Gary Spears

Personal information
- Full name: Gary Spears
- Born: 25 July 1957 (age 67) Sydney, New South Wales, Australia

Playing information
- Position: Lock, Second-row
Club
| Years | Team | Pld | T | G | FG | P |
| 1977–82 | Balmain | 71 | 2 | 0 | 0 | 6 |
| 1983–86 | Canberra Raiders | 44 | 2 | 0 | 0 | 8 |
|  | Total | 115 | 4 | 0 | 0 | 14 |
- Source: As of 17 May 2019

= Gary Spears =

Australian rugby league footballer

Gary Spears is an Australian former rugby league footballer who played in the 1970s and 1980s. He played for Balmain and the Canberra Raiders in the New South Wales Rugby League (NSWRL) competition.

==Playing career==
Spears made his first-grade debut for Balmain in Round 2 1977 against South Sydney at Redfern Oval. In the same year, Balmain reached the finals after finishing 4th. Spears played in the club's minor semifinal victory over Manly-Warringah but did not play in semifinal defeat against Eastern Suburbs.

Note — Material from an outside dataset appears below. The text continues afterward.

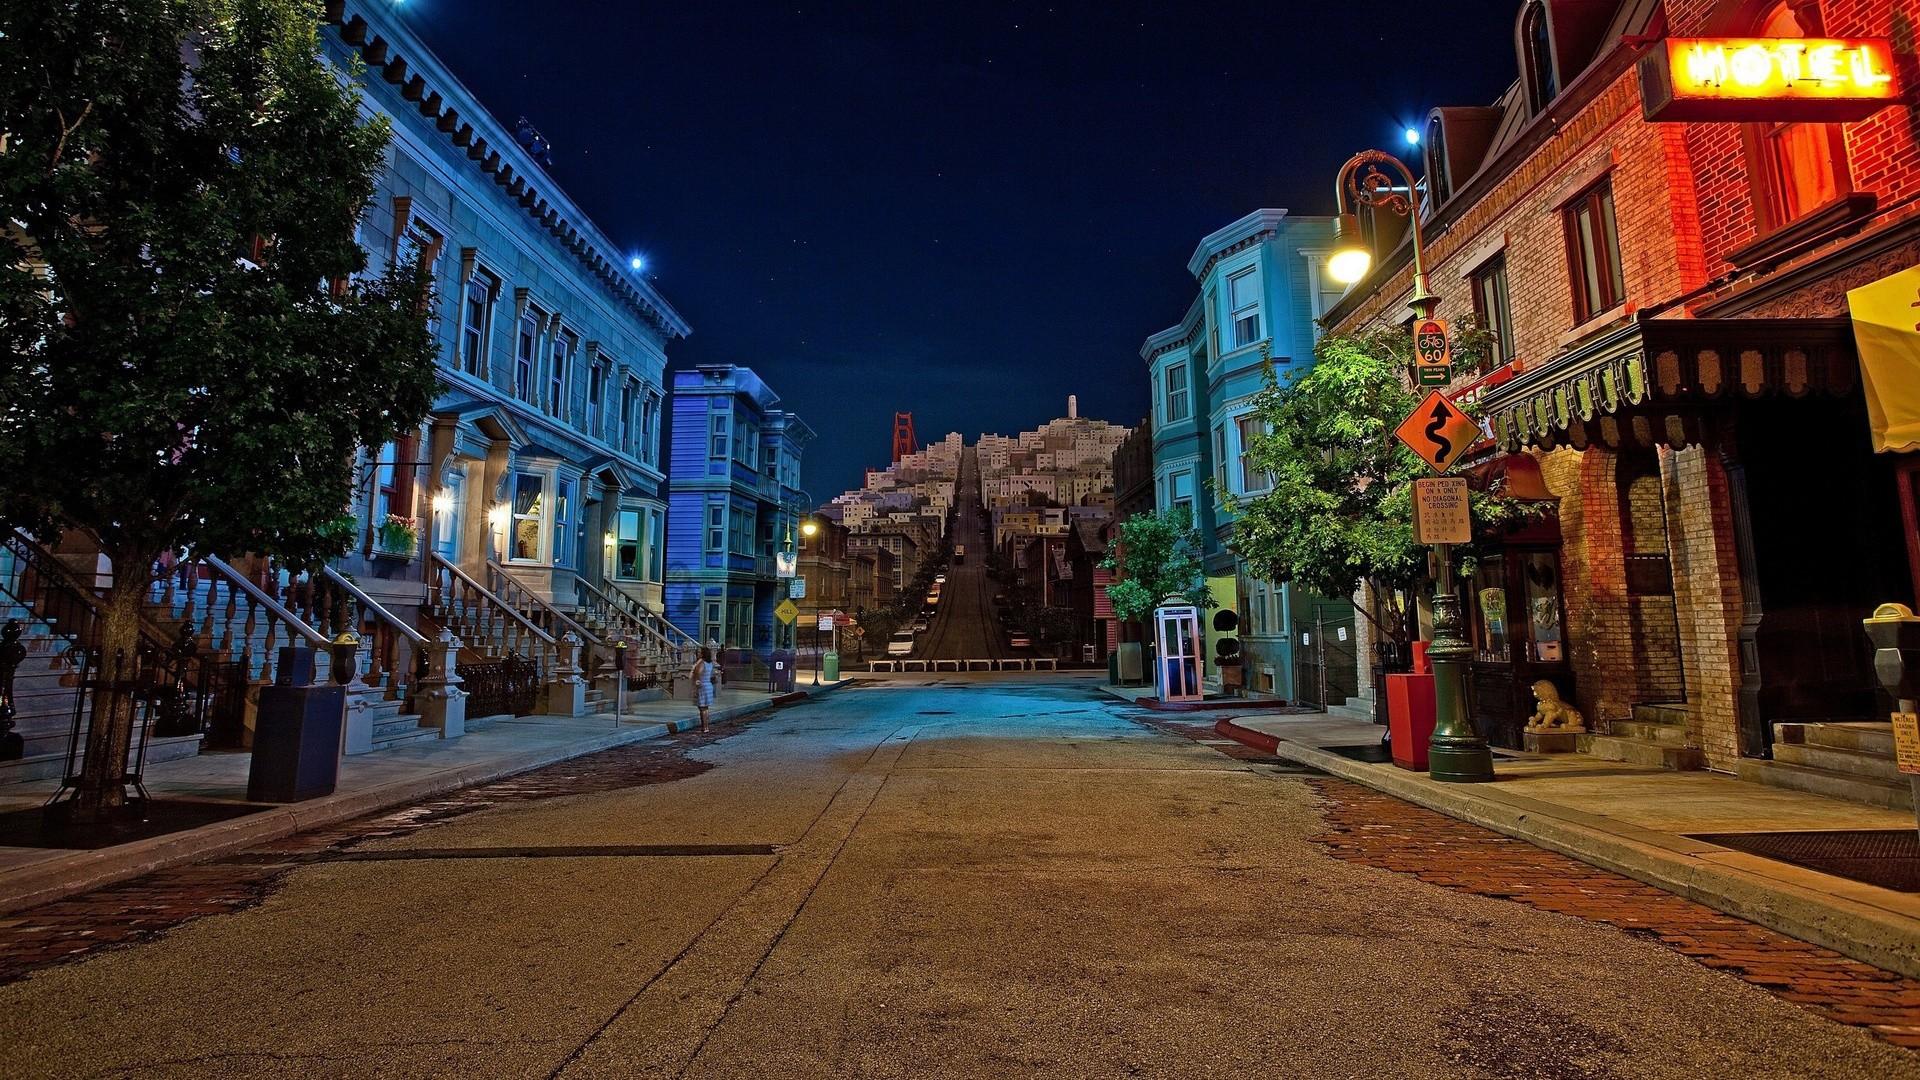 City Street at Night | STREETS NIGHT | Pinterest | Night city, 3d wallpaper  and Wallpaper

Spears played with Balmain up until the end of 1982 with not much success as the club finished last with the wooden spoon in 1981 although they did reach the final of the Tooth Cup against Parramatta in 1980.

In 1983, Spears joined newly admitted Canberra who joined the premiership a year prior. Spears became a regular in the Canberra side over the next 4 seasons, but the club missed out on playing in the finals in each year he was there. Spears retired at the end of the 1986 season. The following year, Canberra would reach their first grand finale against Manly.